Like Vodafone, British retail institution Marks & Spencer (LSE: MKS) is also increasing its devotion to India as demand for its ‘traditional’ wares takes off. Indeed, the company said that a “strong performance” from its owned businesses in the country helped total international sales advance 2.9% during October-December.

Given its surging popularity with Indian shoppers, ‘Marks & Sparks’ told the Wall Street Journal back in September that it plans to double the number of stores it operates in the country by the close of 2016, to around 100. The retailer currently operates in more than 20 major cities, and aims to enter Jalandhar, Vijayawada and Vizag by the close of the year.

Product roll-outs rising

A backcloth of stomping consumer spending power also bodes well for household goods giant Unilever, (LSE: ULVR) naturally.
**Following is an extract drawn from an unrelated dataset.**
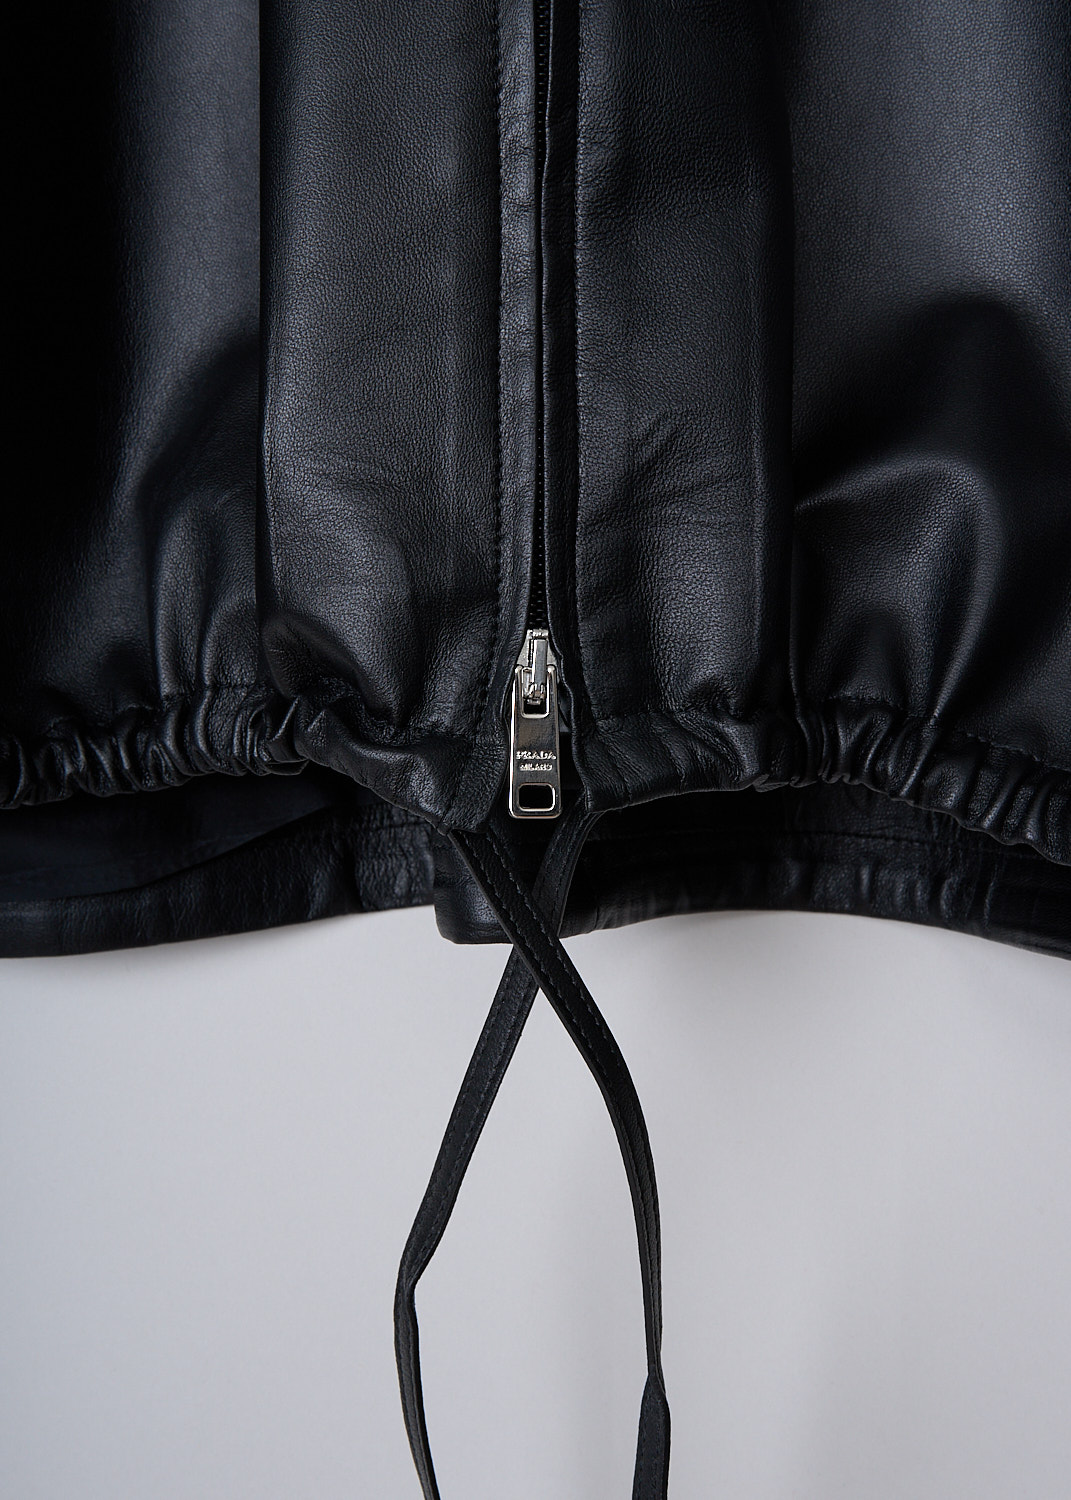 PRADA, BLACK HOODED LEATHER JACKET, 58853_JHI_F0002_NAPPA_NERO, Black, Detail 1, This black leather jacket has a hood with drawstrings. The jacket has a silver-tone two-way zipper in the front. Slanted welt pockets can be found in the front. The jacket has a stormflap in the front and back. The straight hemline has drawstring. The jacket has a wider silhouette. 
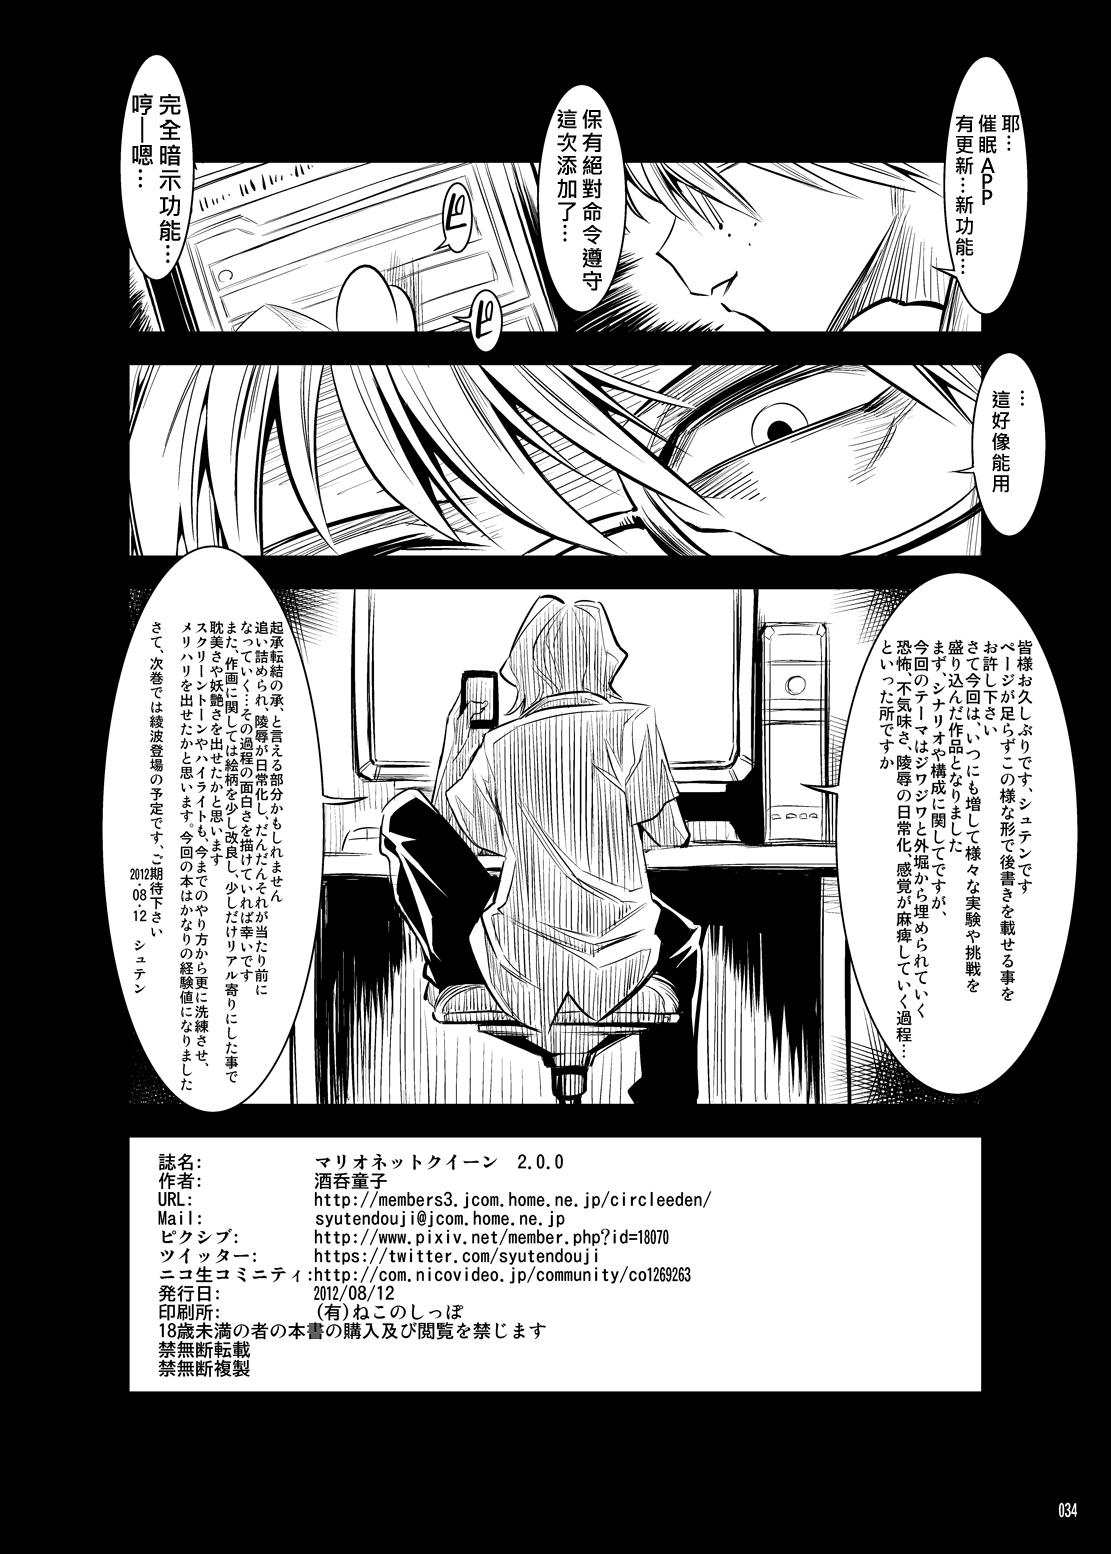 Awesome Marionette Queen 2.0.0 - Neon genesis evangelion Roleplay - Page 33

Indeed, chief executive Paul Polman told Economic Times this week that Unilever plans to hold its next board meeting in the country later this year to help executives get a better handle on a territory in which the firm already enjoys considerable success.

Such is Unilever’s confidence in the long-term potential of its Indian marketplace that the firm hiked its stake in subsidiary Hindustan Unilever in mid-2013 to 67.3%, from just over 50%, at a cost of some €2.49bn. The division saw turnover rise 3% between October and December, and is confident that a steady stream of product innovations should keep the top line expanding.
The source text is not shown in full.